M.N.: I know there is a conversation and debate going on about what kind of income levels to target via available housing resources from the Portland Housing Bureau. I haven’t studied it well enough to have a well-informed position on it.
A.W.: The city’s housing bureau is on the edge of what will become severe revenue restrictions, with the decline in TIF funding and federal grant cuts. What will you do to create a sustainable revenue for housing and homeless services for years to come?
M.N.: I do support doing that. I will be very supportive of efforts to expand to the point where we could get back to achieving the goal of doing no harm or preserving the existing stock. I don’t have any magic pockets of money to address that, though. It has to be looked at in the context of the city’s imperative to simultaneously do what it can to support businesses that are creating family wage jobs in Portland … you have to balance all those priorities.

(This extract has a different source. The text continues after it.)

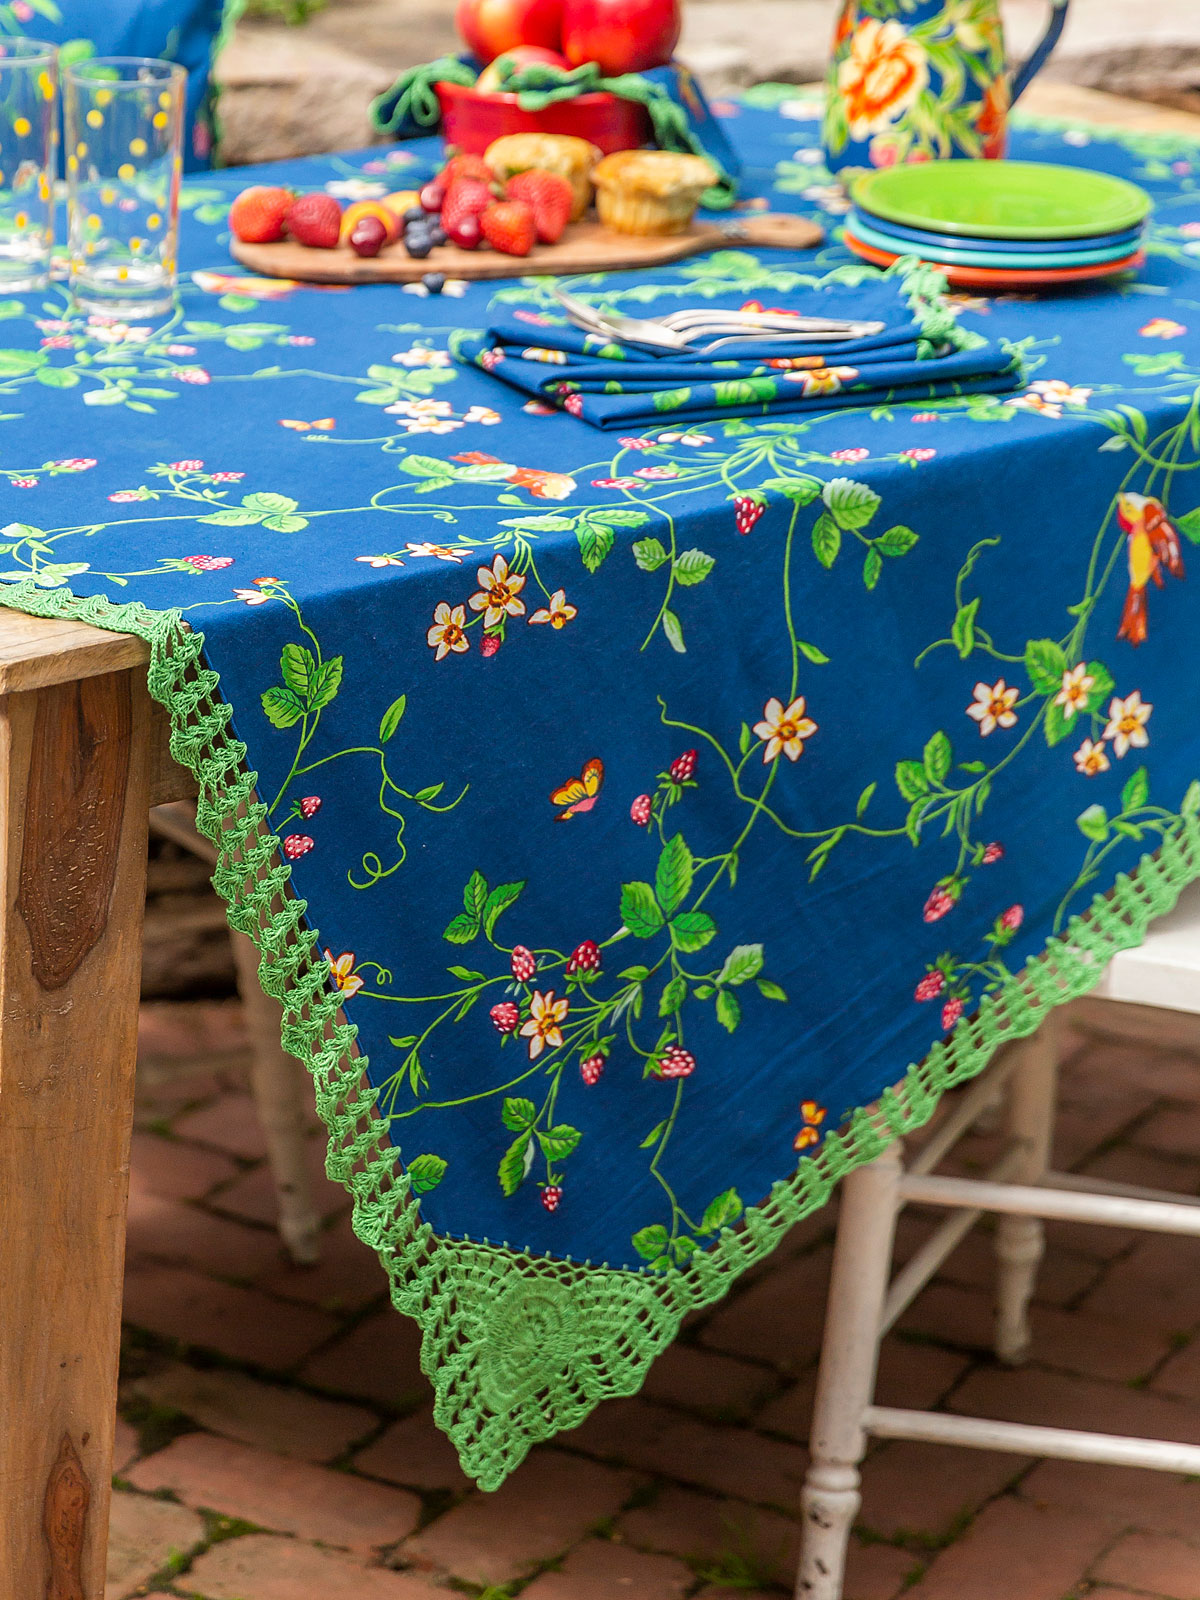 Strawberry Fields Crochet Tablecloth

A.W.: How will you work with county and state to develop a better strategy for addressing the needs of people experiencing poverty?

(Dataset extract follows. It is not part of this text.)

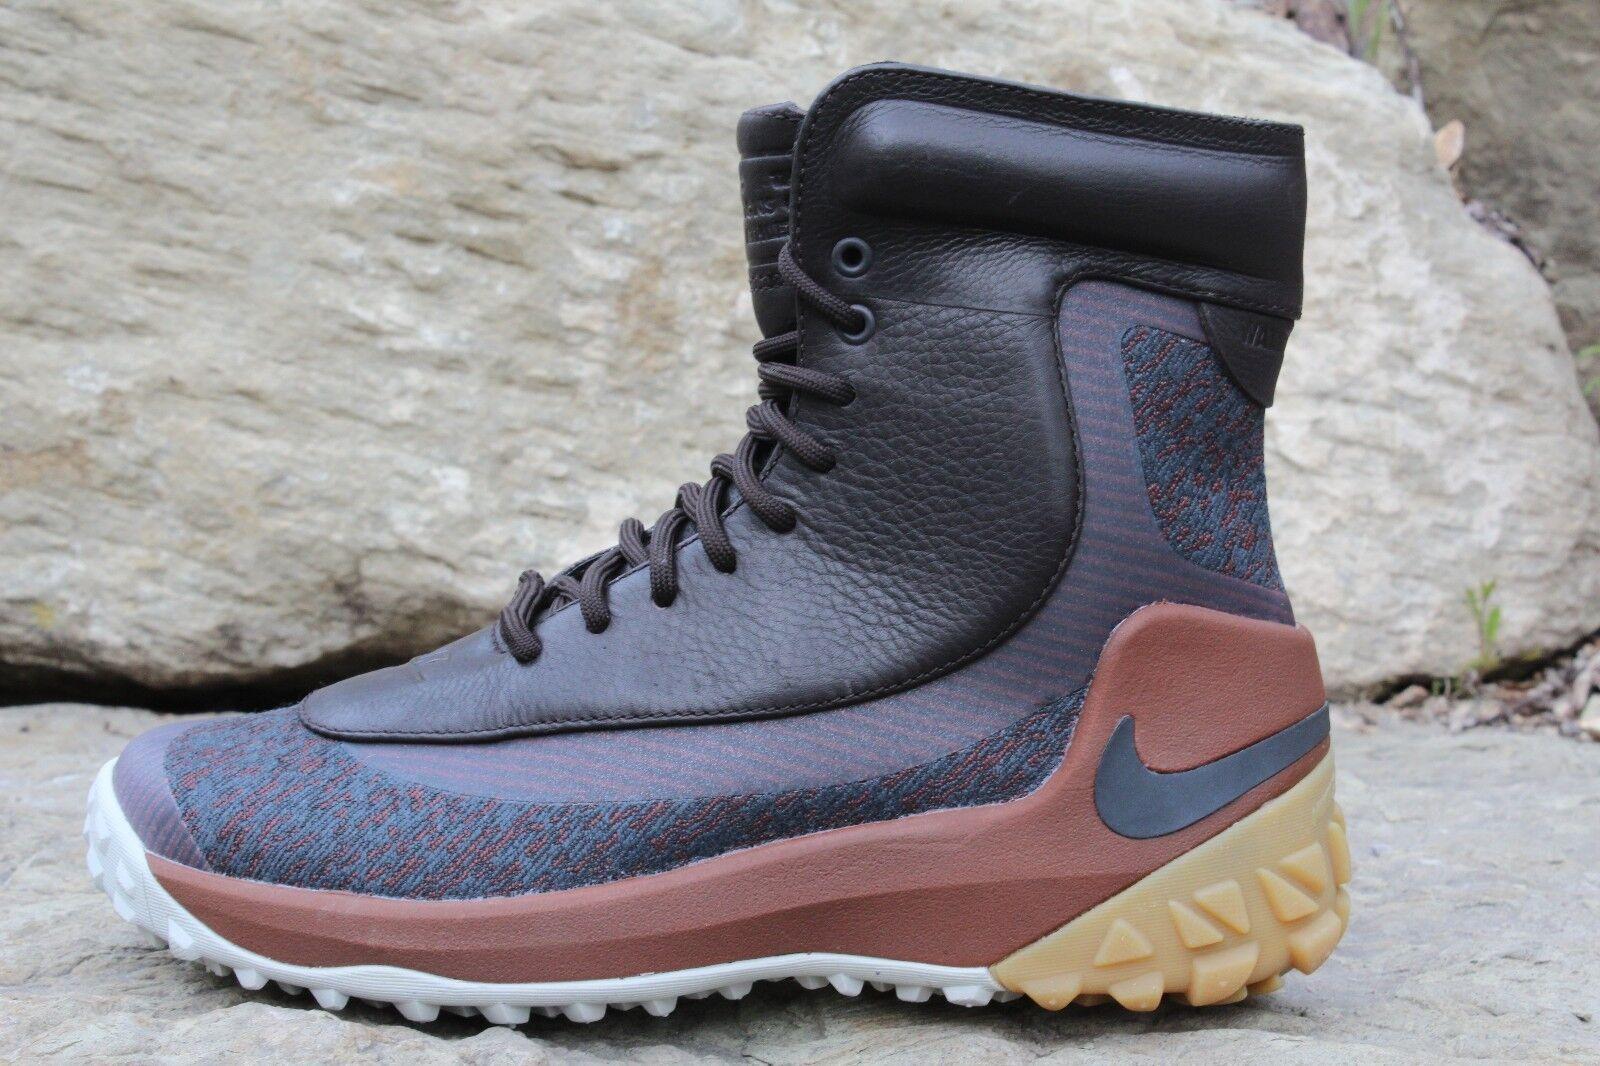 New Nike Zoom Kynsi JCRD Women's Boots Comfortable Brand discount

M.N.: Cities and counties, historically, have had complimentary and distinct roles (with county providing services for human services and corrections, and the city providing services for infrastructure-related issues and public safety). I believe that the division … is legitimate. It is largely a county and state responsibility, but the city certainly has a role in making sure we’re not doing anything to compromise the county’s ability to be successful. It would be important for our proposals for any new funding or bond measures or levies be coordinated, so we’re not weakening the county’s ability to provide vitally important human and social services.
A.W.: Employment is at the foundation of self-sufficiency. What are you going to do to help create jobs for people with multiple barriers to getting hired?
M.N.: What the city can do to create jobs is to make sure that we provide the best, most cost effective and most timely services to employers who employ most of Portlanders. We have to retain the intent and the integrity of our public health, public safety and environmental standards, and move as deliberately as possible to assist businesses when they’re poised to expand and bring in or create new jobs.
Specifically to people with multiple challenges, all the same applies, but I’d like to add to that any partnering the city can do around transportation access and affordability and opportunities around training and re-training to keep people current and marketable in the economy as it shifts.
A.W.: Every year, public transportation gets more expensive for riders and the free zone downtown gets chipped away and threatened with elimination. What are you going to do to preserve the free rail zone?
M.N.: Fareless Square is a TriMet decision, but I think the city partners with Trimet and Metro (the regional governing body for Multnomah, Clackamas and Washington counties) on all manner of transportation issues. Certainly, asserting the priority of keeping transportation accessible as well as affordable for people in entry-level, working-class and middle-class jobs is something the city can assert some leadership on.